EDIT: in fact that is the price.. 

*i.imgur.com/MI890.jpg

this image is from cached BSNL webpage of *www.bsnl.co.in:9080/opencms/bsnl/BSNL/services/broadband/bb_ftth.html which is not opening currently.. 

so would you be willing to pay ~Rs. 1 lac for 100Mbps true unlimited connection ? 

on the other hand Beam BB has 20Mbps FUP @ Rs 2550/month . FUP 60GB, post FUP 6Mbps. 

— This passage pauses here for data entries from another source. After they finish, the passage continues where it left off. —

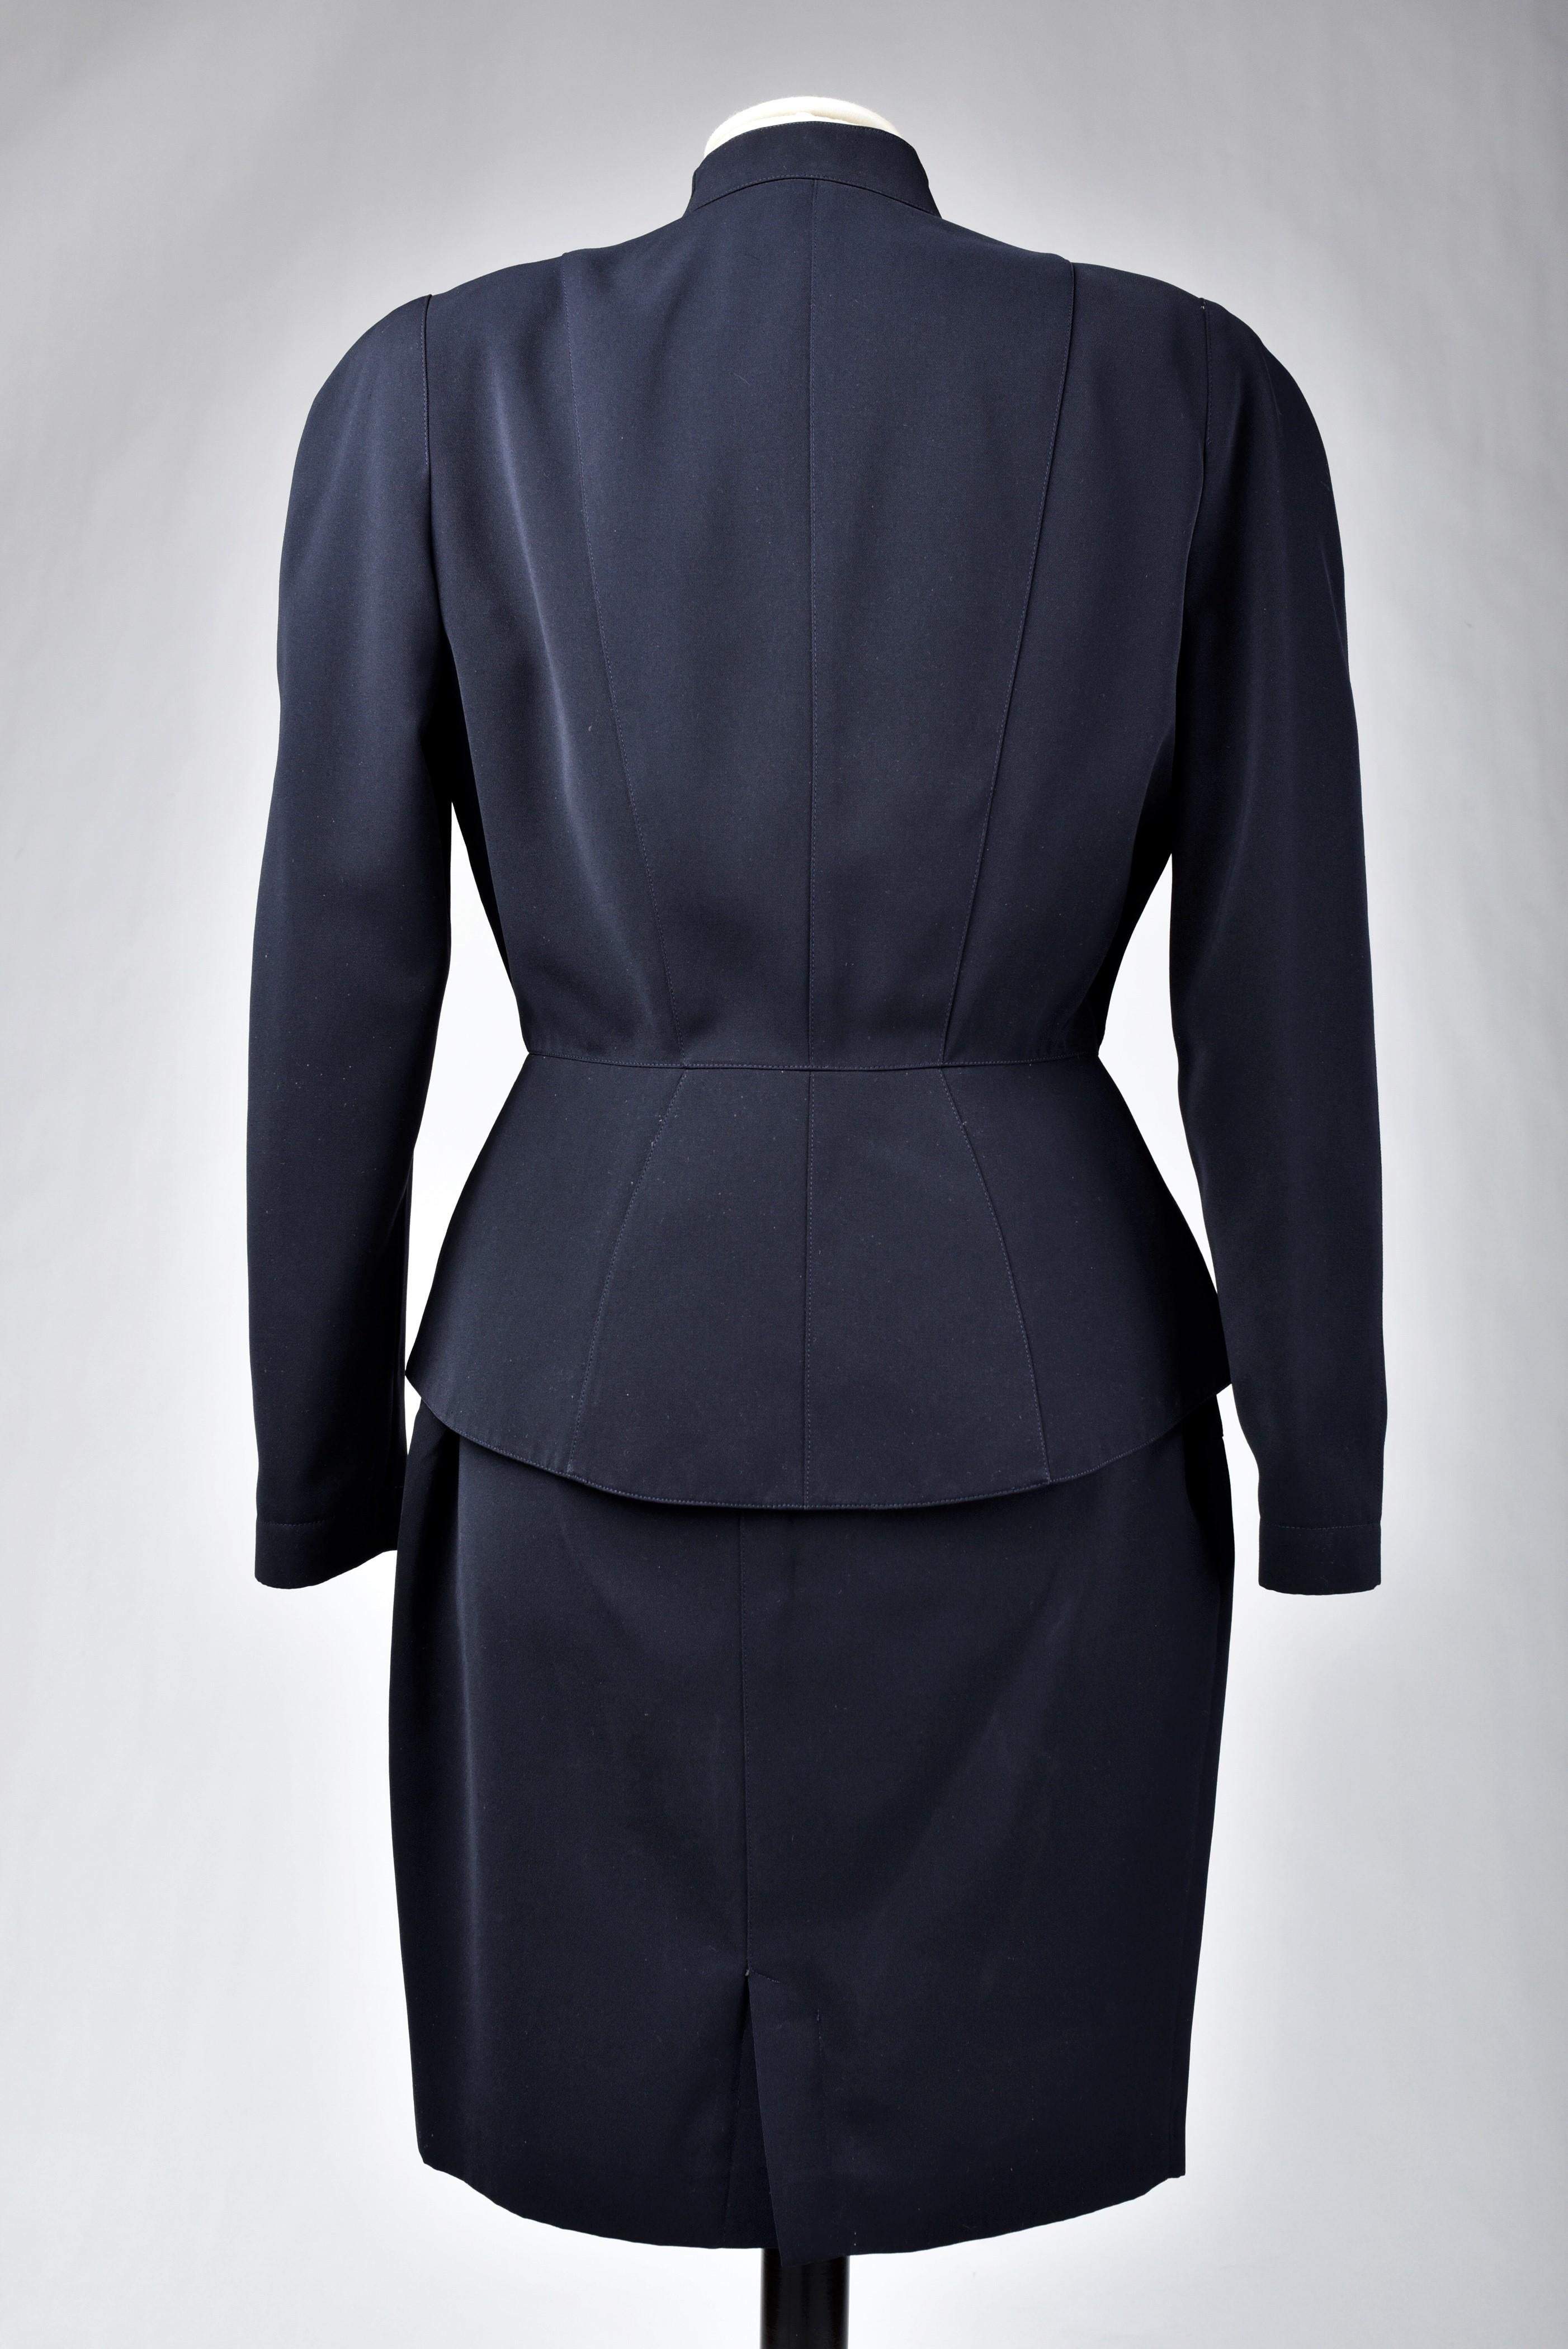 A Thierry Mugler Couture Black Tuxedo Skirt Suit - France Circa 1990/2000 For Sale 5
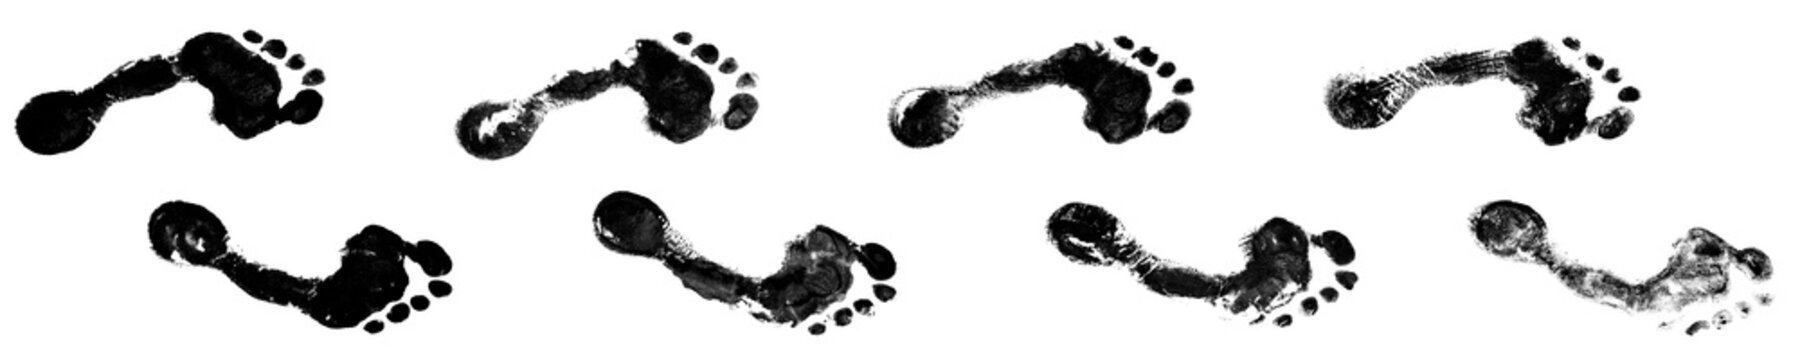 Human black footprints way white background isolated, barefoot person foot print pattern, walking path, footsteps silhouette illustration, bare feet route trail, ink imprint, stamp, mark, sign, symbol
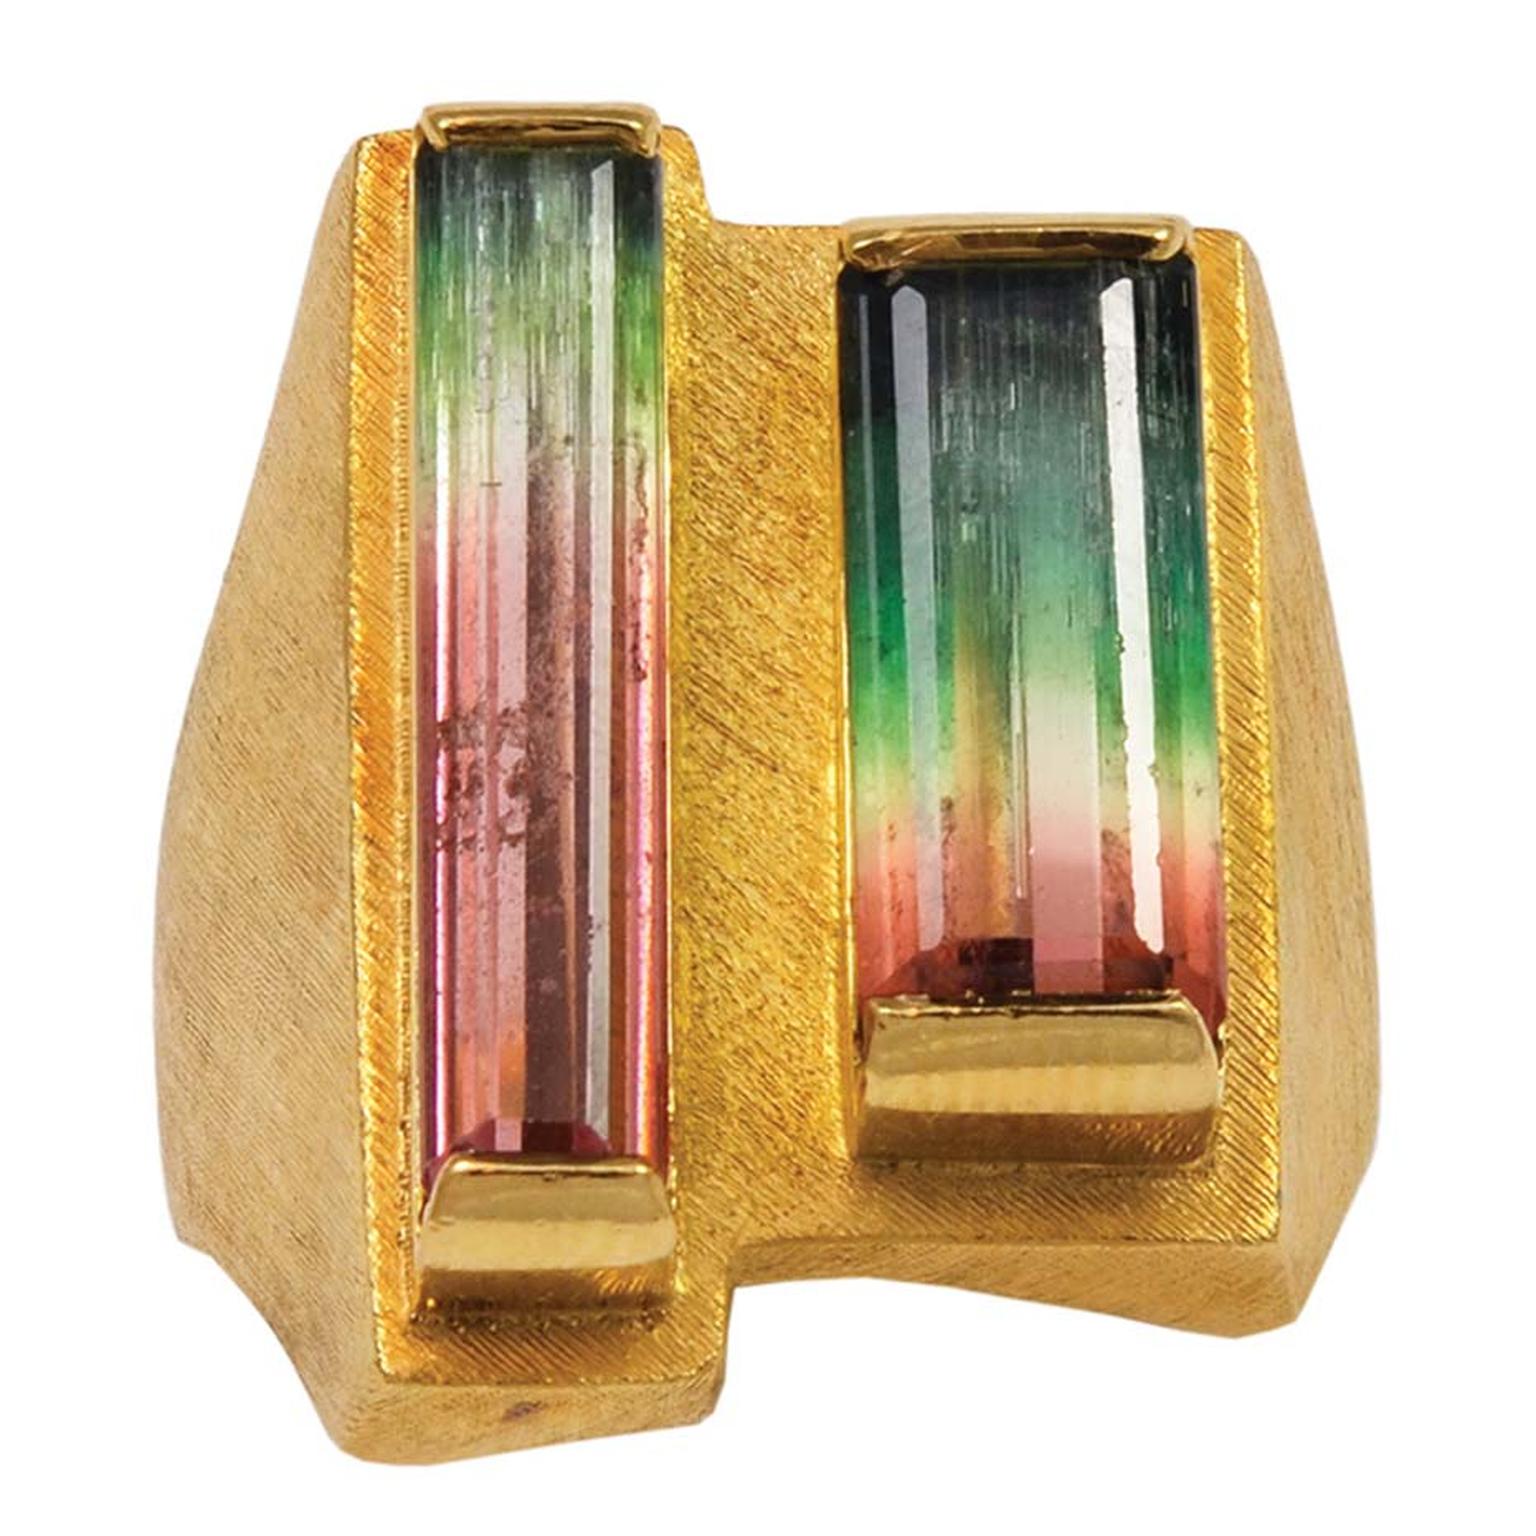 Bruno Guidi double step-cut watermelon tourmaline ring in brushed yellow gold. Available at 1sdibs.com.

*www.beamtele.com/index.php?option=com_content&view=article&id=149&Itemid=104


----------



## randomuser111 (Sep 18, 2012)

Old news 

It's been available since more than a year. But to be frank some of the plans are more decent than BSNL Broadband. 10 mbps unlimited is 15k per month, whereas you get 4 mbps unlimited in Bsnl Broadband.


----------



## JojoTheDragon (Sep 18, 2012)

This is unreal. Before doing all this innovation stuff, improve thy gawddamn speed of the present plans FFS.


----------



## RCuber (Sep 18, 2012)

noob uncle should have searched before posting


----------



## dexbg (Sep 18, 2012)

A 5 MB email ID    .. :wegotabadassoverhere:

Beam has the same at 1/10th the price ..


----------



## sukesh1090 (Sep 18, 2012)

this is what we call a legal robbing.we are better with 512Kbps than this 1 lac per month plan.lol.


----------



## ssk_the_gr8 (Sep 18, 2012)

the problem is BEAM has license only for HYD .. so it's useless to compare it to a pan india company


----------



## dexbg (Sep 18, 2012)

ssk_the_gr8 said:


> the problem is BEAM has license only for HYD .. so it's useless to compare it to a pan india company



So how can Beam give it out for so less.


----------



## ssk_the_gr8 (Sep 18, 2012)

what i meant is that there is no point comparing, someone not staying can in HYD can never get BEAM. When a pan india operator starts FTH , then compare


----------



## RCuber (Sep 18, 2012)

I gave BEAM as just a reference


----------



## bubusam13 (Sep 18, 2012)

no use, I have 2mbps from 4 years n get 127 kbps average. this 1 will be like that only  100 mbps but get 1 mbps


----------



## raghupratap (Sep 19, 2012)

Seems quite expensive - even for enterprise level users who may be expected to pay higher charges. How many individual users will go for these plans? Zero, I think - there are a lot of cheaper, and more reliable options.


----------



## amir_nandolia (Sep 19, 2012)

My cousin sister using BSNL 299 plan and she is very much fed up with their services coz most of the time their connection is down. she is using broad brand connection from past 4 to 5 years she hardly use it because most of the time their internet services are quite slow and even their prices are too high. Not a good deal.


----------



## gameranand (Sep 19, 2012)

BSNL are out of their minds.


----------



## d6bmg (Sep 19, 2012)

Overpriced.
Although the 100mbps plan pricing is good for collages and at enterprise level if they can provide true 100mbps.


----------



## techtronic (Sep 19, 2012)

It feels so good to post after a very long time. BSNL is moving in the right direction, although pricing may make them shoot their own legs


----------



## Nipun (Sep 19, 2012)

Price + 'BSNL Disconnections' (_like Valve Time_) + outstanding service. I wonder who will use it.


----------



## d6bmg (Sep 19, 2012)

Nipun said:


> Price + 'BSNL Disconnections' (_like Valve Time_) + outstanding service. I wonder who will use it.



Almost forgot about their connection quality.


----------